Все домочадцы с любопытством следили за работой, – так интересно, так весело было смотреть, как похожий па гигантскую корзину бамбуковый каркас день ото дня чудесно обрастал пухлой бумажно-клейстерной плотью; как вдруг бесформенное отверстие в корзине оказалось зубастой пастью; как мясистый нос появился – широкий, ноздрястый; затем стеклянные плафоны сделались глазами, бессмысленно, придурковато глянувшими из-под низкого, приплюснутого лба…

Наступало самое увлекательное – раскраска.

И вот щеки чудовища покрылись багровым румянцем, кроваво закраснелись толстые губы разинутого рта и плотоядно сверкнули зубищи… Голова ожила!

Странная в своей великанской нелепости, она рычала, вожделела, ярилась желаньем сожрать, проглотить с потрохами…

И лишь ее мертвая бумажная сущность не позволяла расправиться с жертвой взаправду.

А то бы… ух!

Приходилось сдерживаться, делать вид, что – ничего особенного, господа, шутка, правда, несколько рискованная, выходящая за рамки… ну, приличия, что ли, желательной благопристойности…

Папироски-то ведь держит в золотом портсигаре, на коем искусно награвировано: «От князя В. А. Долгорукого».

Также и альбомные росчерки –  н а   п а м я т ь   д р а ж а й ш е м у…

Какие лица, какие фигуры, бог мой! Члены императорской фамилии, министры, генералы…

Компрене ву? То-то и оно.

Сидели, улыбались. Кузнецовские чашечки с кофеем – синие и золотая кайма.

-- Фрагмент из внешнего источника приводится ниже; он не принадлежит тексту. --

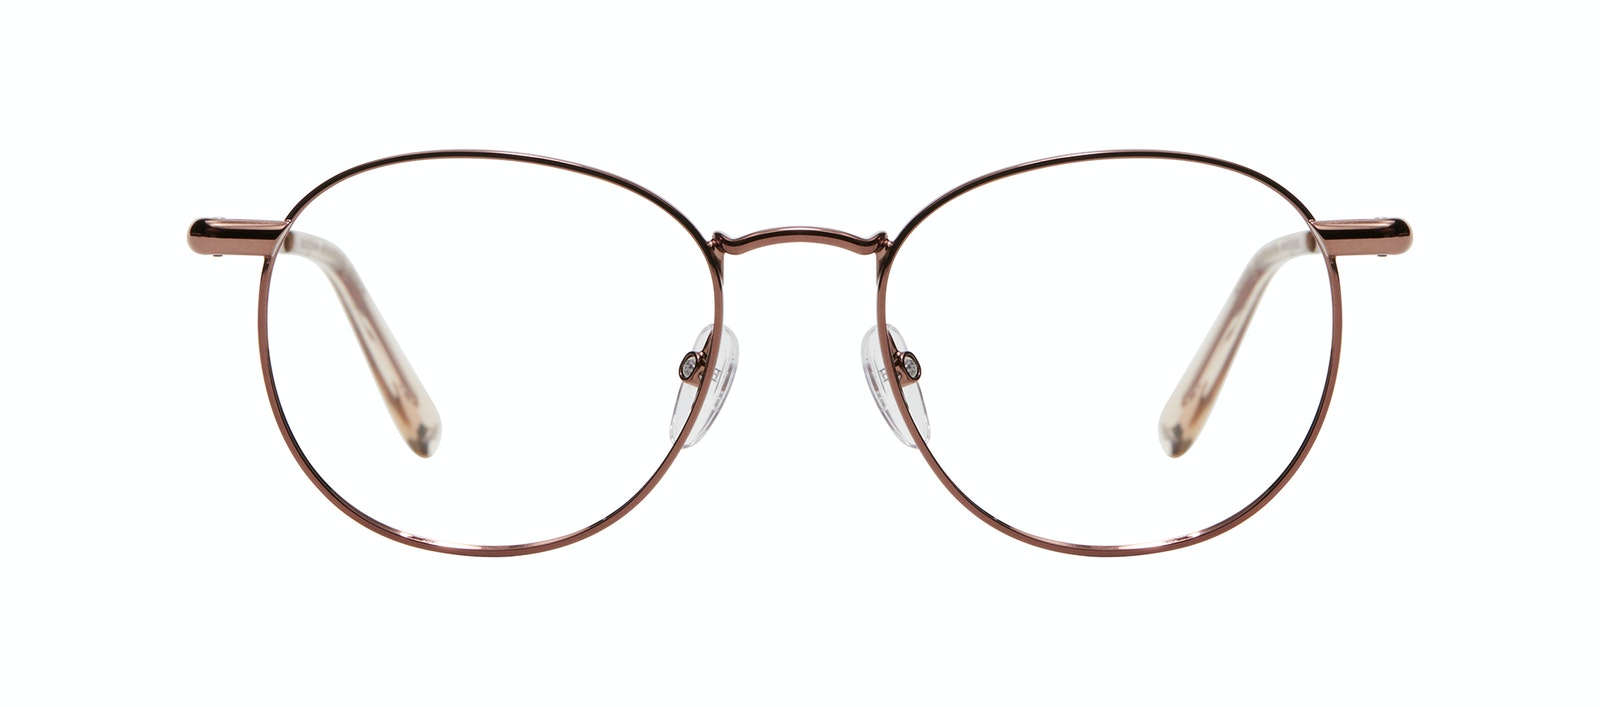 Affordable Fashion Glasses Round Sunglasses Women Divine M Copper Front

Бархатный перезвон часов, похожих на готическую башню старинного собора.

Благоуханье тончайшего табака.

– Прелестно, прелестно… – Легкое безболезненное покачиванье ногой, улыбка. – Но как вам удалось заставить ее при слове «собака»…

– Пустяки, ваше превосходительство. Нервная рефлексия.

– Нервы у собаки? Ха-ха! Не вздумайте сказать это преосвященному…

– Но, ваше превосходительство, нервные системы архиерея и собаки имеют много общего. Биологическая наука…

– Оставим в покое биологию… – Улыбка, иронический прищур слегка припухших старческих век. – И преосвященного также.

– Но, ваше превосходительство, вы первый назвали его!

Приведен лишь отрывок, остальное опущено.